(urth) Short Story 3: The Dead Man

Marc Aramini marcaramini at yahoo.com
Sun Mar 25 19:02:35 PDT 2012



--- On Sun, 3/25/12, Craig Brewer <cnbrewer at yahoo.com> wrote:







Absolutely right about the last two paragraphs being the first to go in later Wolfe. Instead, we might have gotten some kind of narration of confusion or lack of fulfillment. Or likely something about feeling "split" or incomplete even after the revenge since the story mentions a "full human" being both body and soul.


One very small question:


What is the hyena all about when he starts the ritual? He uses "a fine grey powder whose composition would have shocked the average hyena”? Is there something obvious a hyena I'm just missing?

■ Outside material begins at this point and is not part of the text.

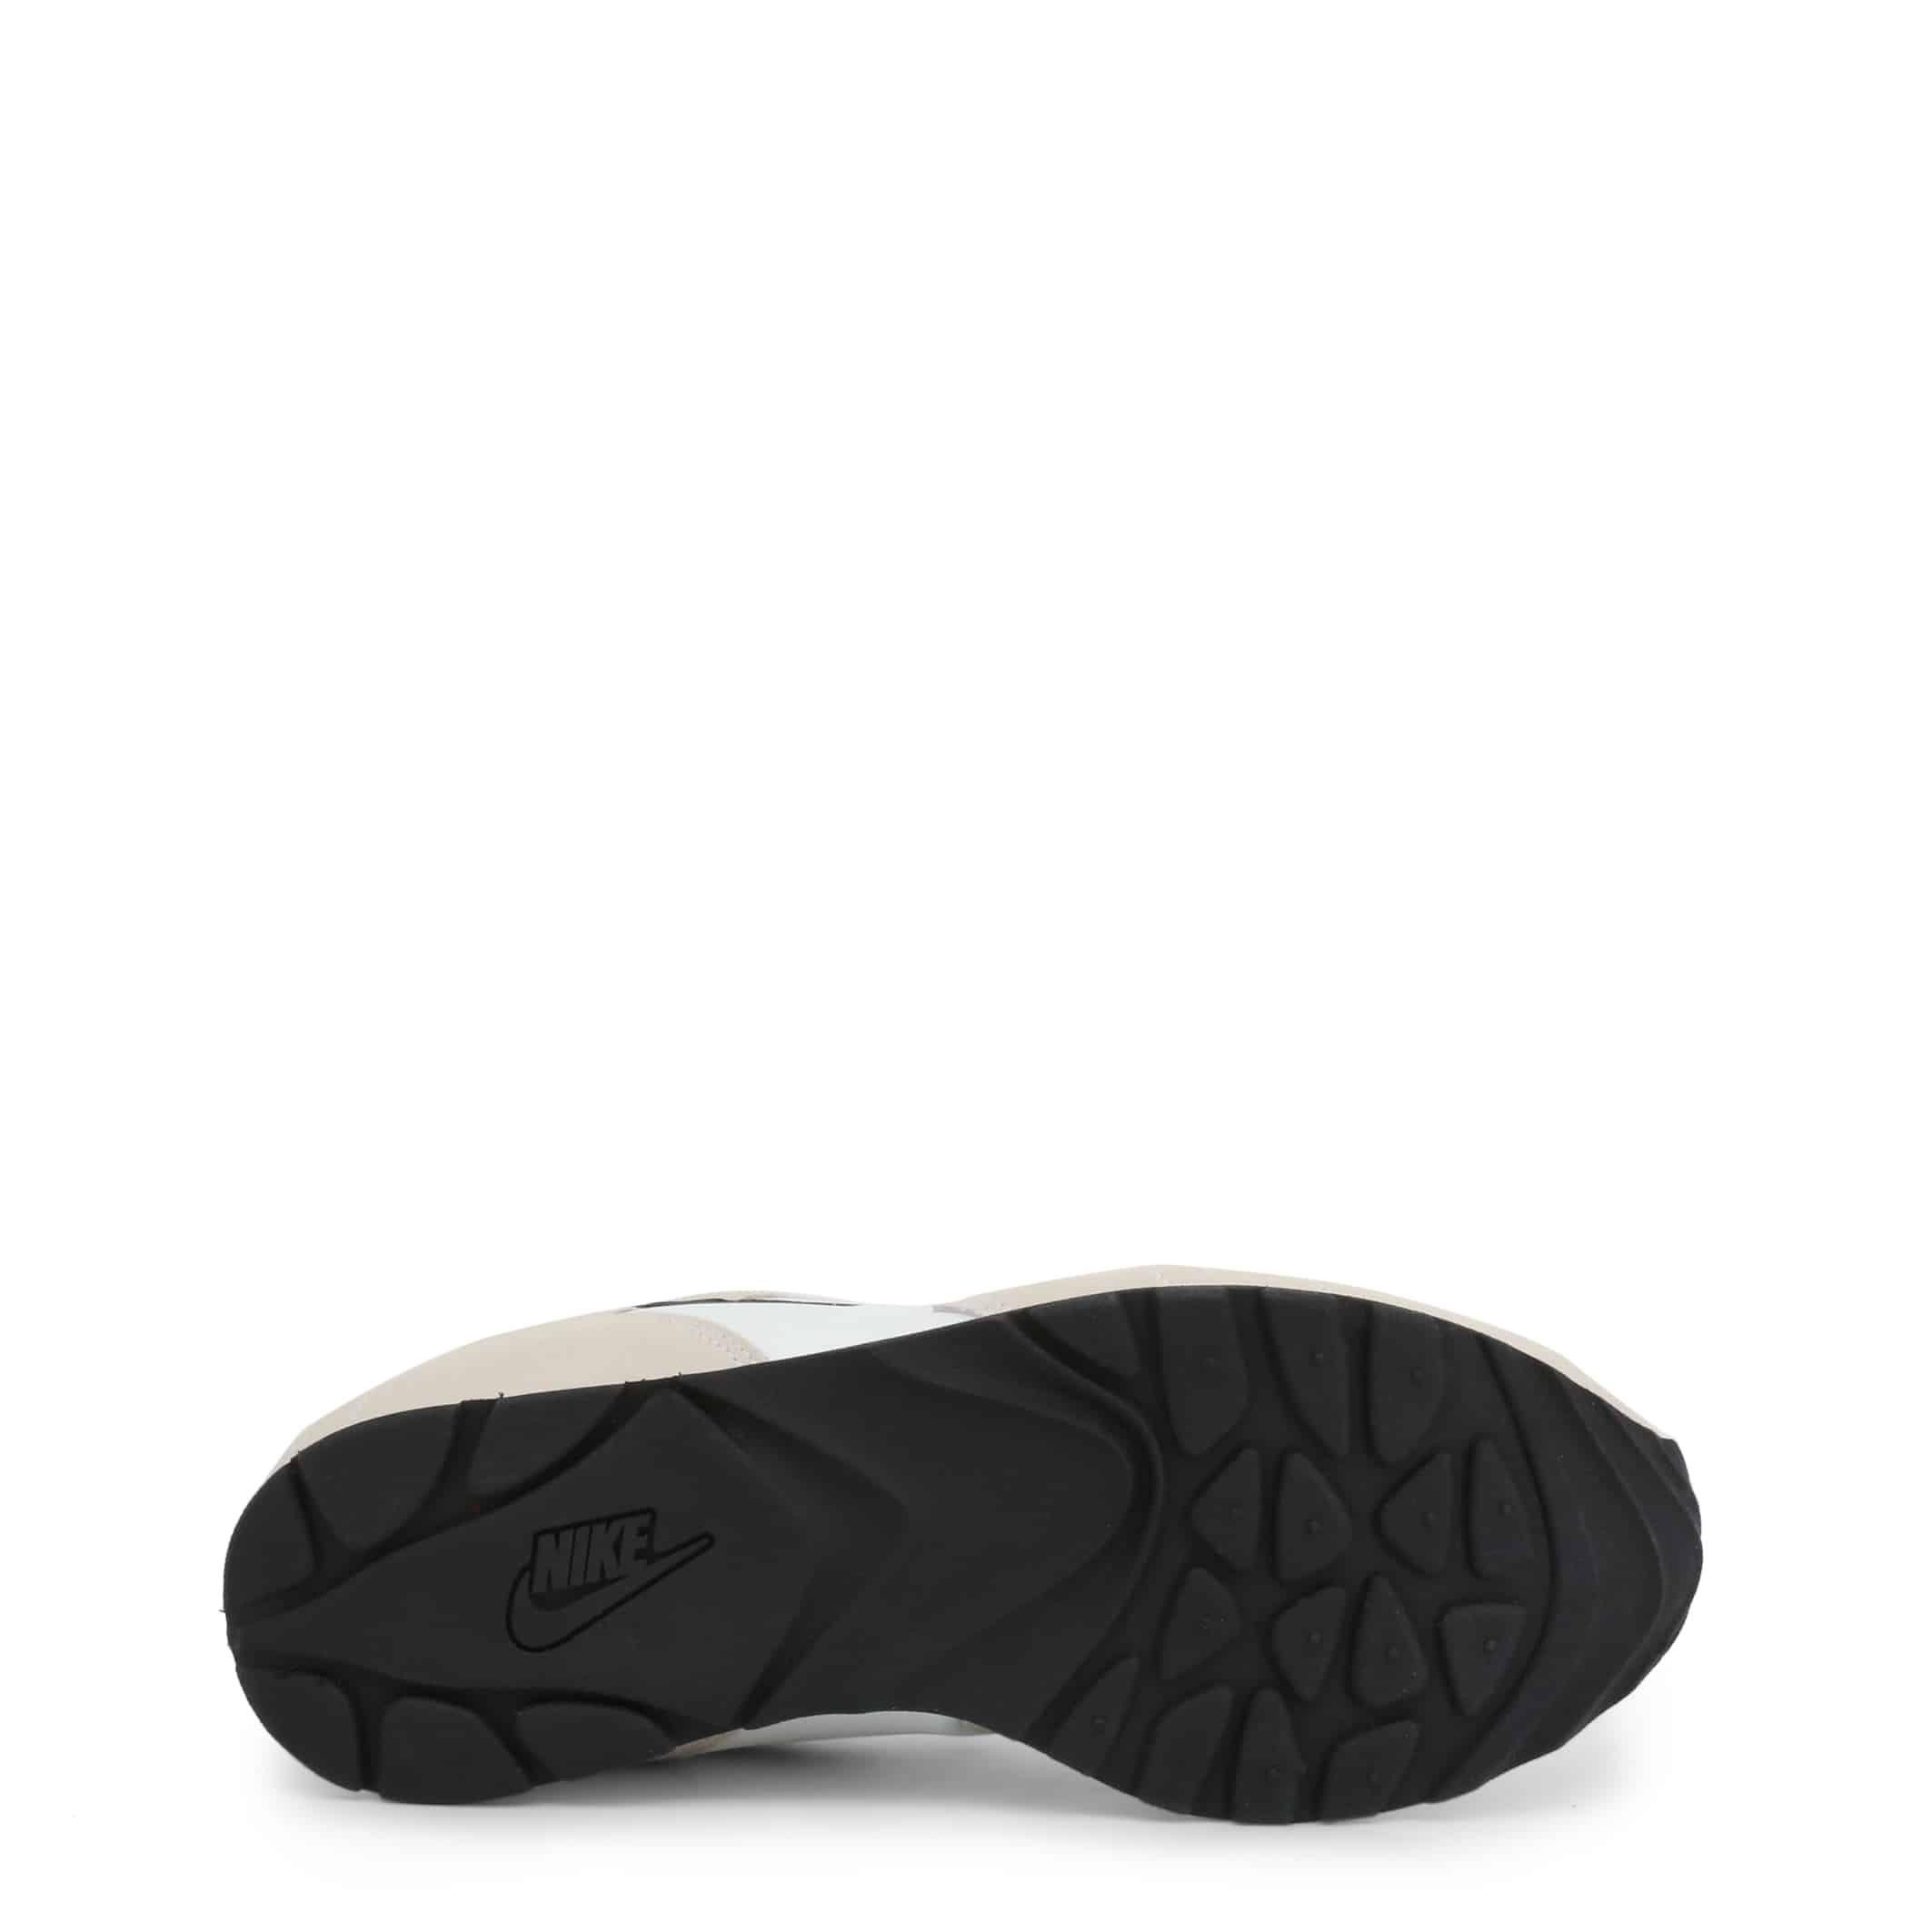 Sneakers Nike – Wmns-Outburst

And this line was almost prescient given what writing comes to represent in his own stories: “Writing which disclosed secrets so terrible that more than half of their contents was devoted to telling the reader how to receive them and remain sane.”
I think the hyena, while it is an appropriate familiar for a necromancer like a crow would be, is simply a shameless scavenger that is used to eating the most decayed of meat - and even a hyena would have been shocked at the components of his ritual. What would shock a hyena?  Seems like hyperbole.
 
 I tend not to read TOO much into that.  (factually, some hyenas actually kill their prey, but they have a cowardly reputation as far as I know)
 
Yes, there are some statements in these early stories that are really almost prescient about future Wolfe, I agree - or at least show the direction his nascent obsessions would take him.